Jakob Bernoulli’s notion of what is now called a Bernoulli Trial offers the basis for a non-parametric approach to aggregating multiple epidemiological studies based on dichotomous categorical data. The enhancements to the Bernoulli method developed in this paper offer a practical exact method for assessing the overall statistical significance. A related technique is developed below to estimate the effect size of a dichotomous meta-analysis.

One of the many important contributions of this outstanding seventeenth century mathematician was the idea of the fixed probability of an event over a sequence of independent trials which led to what is now called Bernoulli Trials and to the related Binomial Distribution. In brief, Bernoulli viewed a set of statistical events as a series of independent coin flips with each flip having a probability p of obtaining a head and q = 1 − p of obtaining a tail. This hypothetical coin is often treated as a fair coin where both p and q equal 0.5. The simplest Bernoulli Trials approach encompasses a series of n flips and answers questions of the type: what is the probability of observing × heads in n such flips? (See for example Rosner [13]).
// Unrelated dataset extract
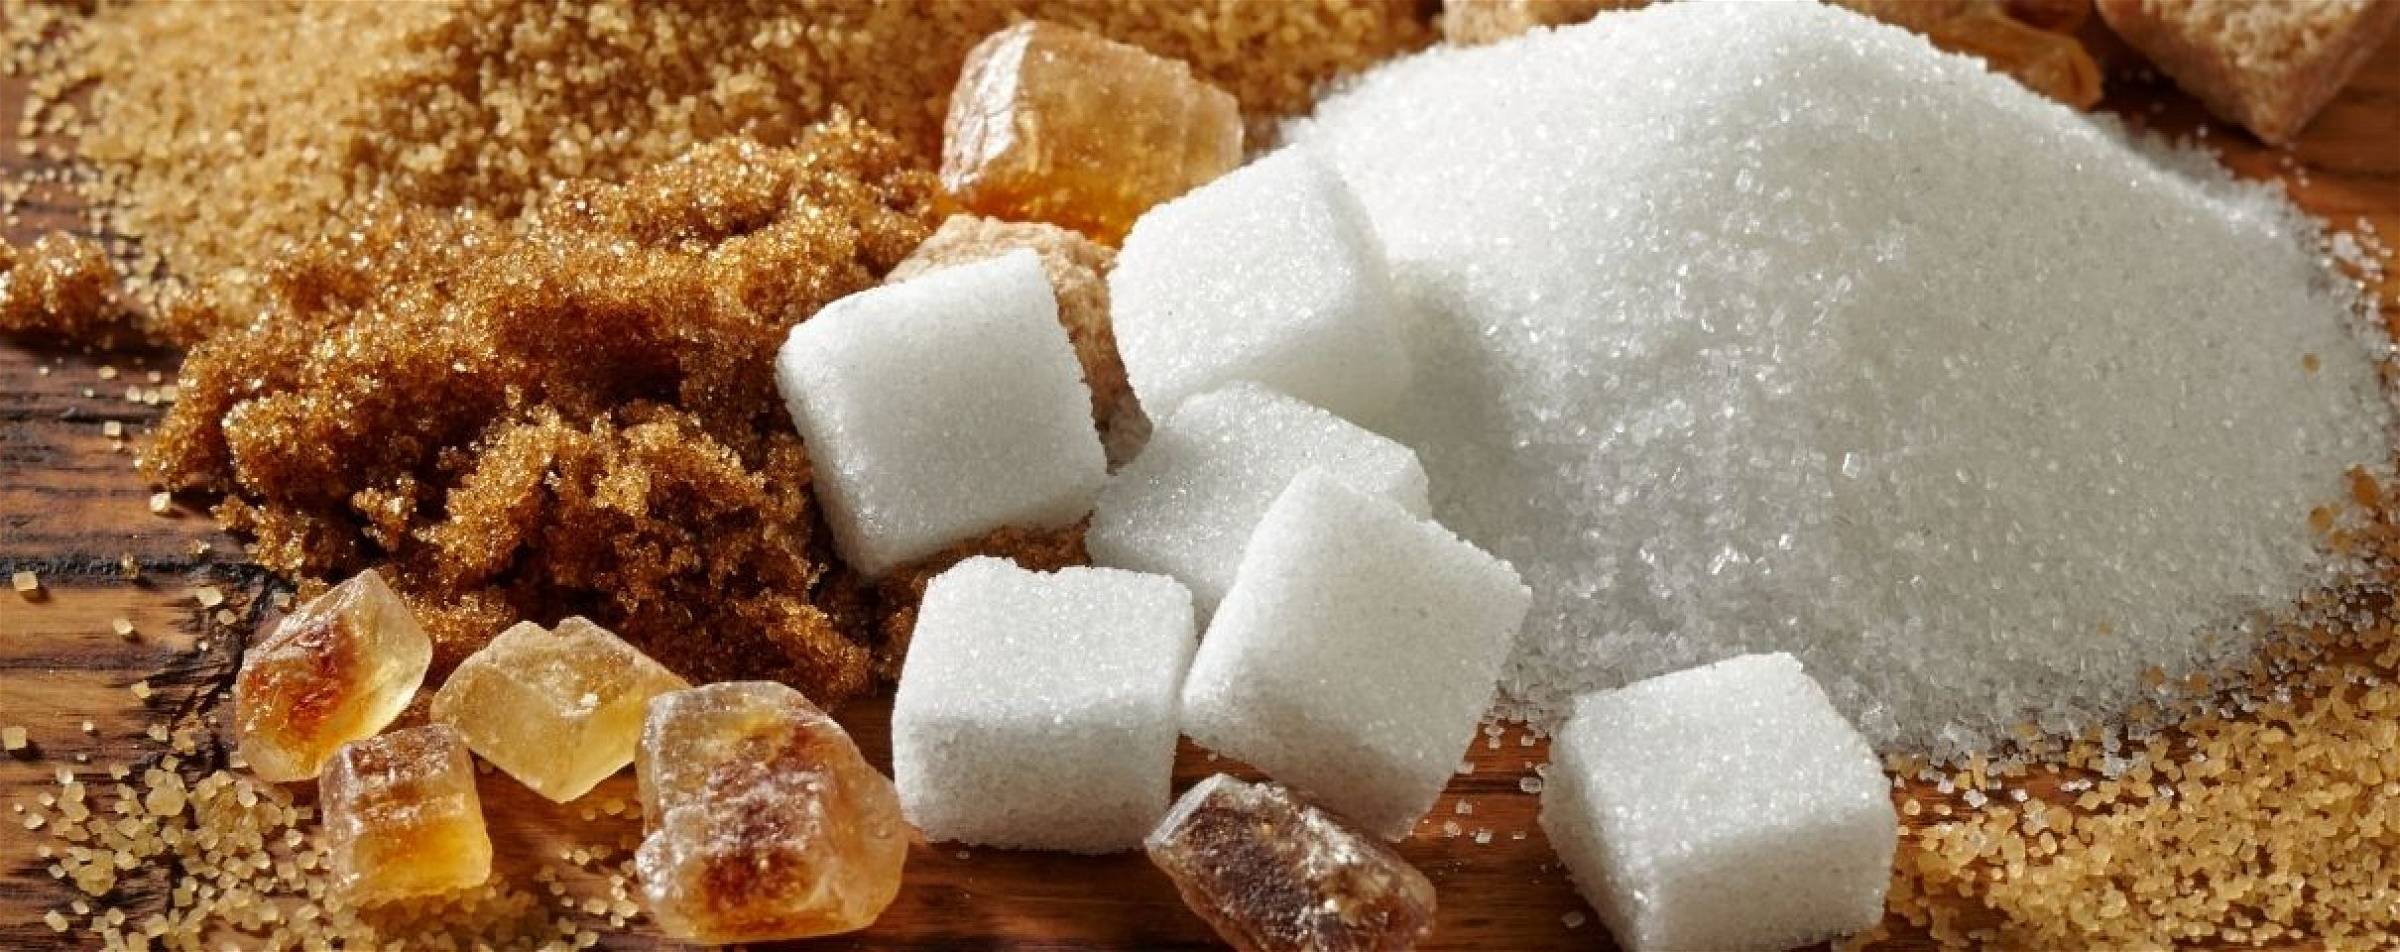 suikervervanger-zoetstof-suiker

In epidemiology, one could consider each of the k contributing studies of a meta-analysis as a single Bernoulli Trial with p = 0.5. Then the combination of the k studies could be analyzed as a binomial distribution. This is the standard Sign Test (see, for example, [14]).

For example, for a meta-analysis of 20 studies, if 15 out of 20 studies had more cases in the exposure group than in the control group, we could ask: What is the probability that 15 or more of the 20 studies could have shown a larger effect in the exposure group strictly by chance alone? If this cumulative probability is less than a pre-specified level of Type I error (e.g., 0.05), one would reject the null hypothesis and conclude there probably exists a statistically reliable relationship between exposure and the end point used.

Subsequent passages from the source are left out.